企業年金制度とその他の公的な年金制度などとの関係も確認しておきましょう!

 

企業年金には、大きく分けて次の4種類があります。

 

  • 確定給付企業年金(DB)<規約型/基金型>
  • 企業型確定拠出年金(企業型DC)
  • 厚生年金基金
  • 中小企業退職金共済制度・特定退職金共済制度

それぞれどのような制度なのか、仕組みや支給内容を確認しておきましょう。

 

 

 

自分が加入している企業年金を調べる方法

 

まずは自分が企業年金に加入しているのか、加入している場合、どの企業年金に加入しているのかを確認しておきましょう。
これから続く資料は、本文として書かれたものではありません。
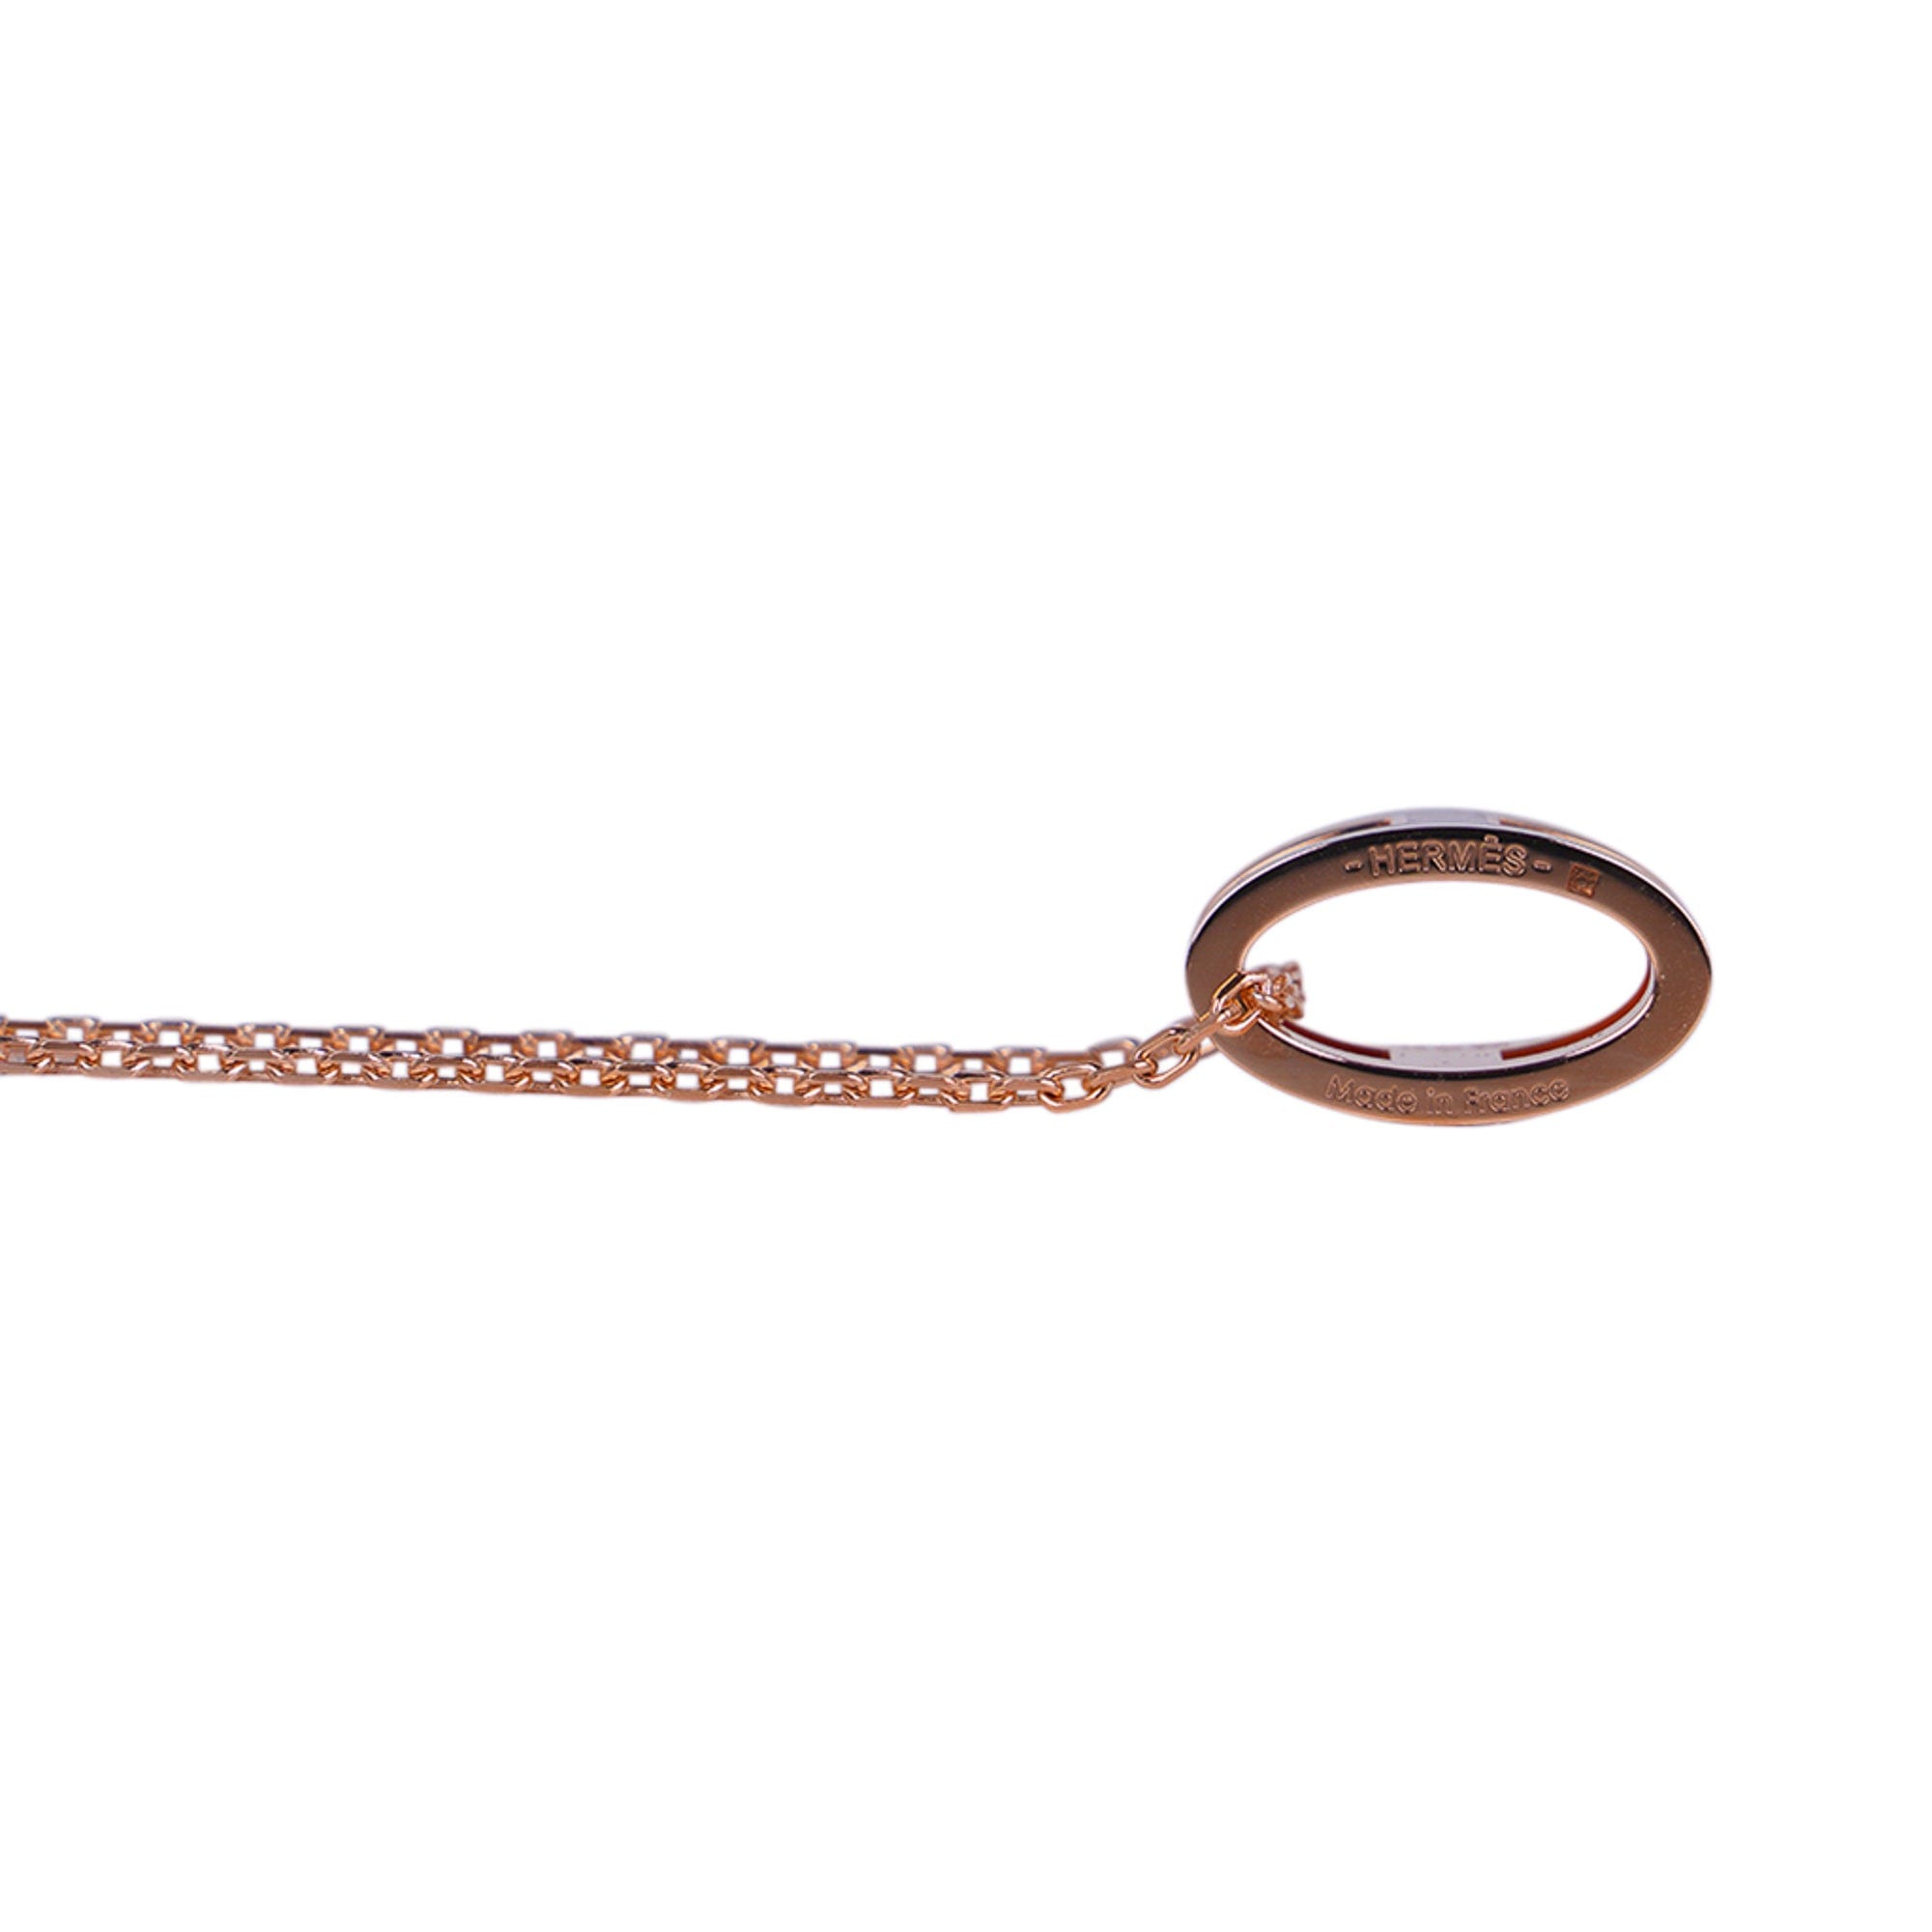 CELINE Logo Circle Pendant Gold Plated Chain Necklace 22cm

就職、転職、退職時には確認方法は次の通りです。

 

【加入している企業年金の確認方法】

 

 

出所:知るぽると(金融広報中央委員会)をもとに筆者作成

 

各企業年金制度の概要

各企業年金制度の概要は次の通りです。

 

【企業年金制度の概要一覧】

 

 

出所:知るぽると(金融広報中央委員会)をもとに筆者作成

 

それぞれの仕組みと給付内容について、さらに詳しくみていきましょう。

 

 

(1)確定給付企業年金(DB)<規約型/基金型>

 

確定給付企業年金は、企業年金の中で最も加入者の多い制度であり、2002(平成14)年4月に現在の制度となりました。運営方法の違いにより、「規約型」と「基金型」の2つのタイプがあります。

 

・規約型

規約型の確定給付年金は、会社と従業員との間のルールを定めた退職金規程や規約に基づいて、会社が保険会社や信託銀行等と契約を結んで運営されます。保険会社や信託銀行等は、会社に代わって保険料(掛金)を徴収して運用し、給付を行います。給付に必要な資金を確保できているか、毎年確認する仕組みが整備されています。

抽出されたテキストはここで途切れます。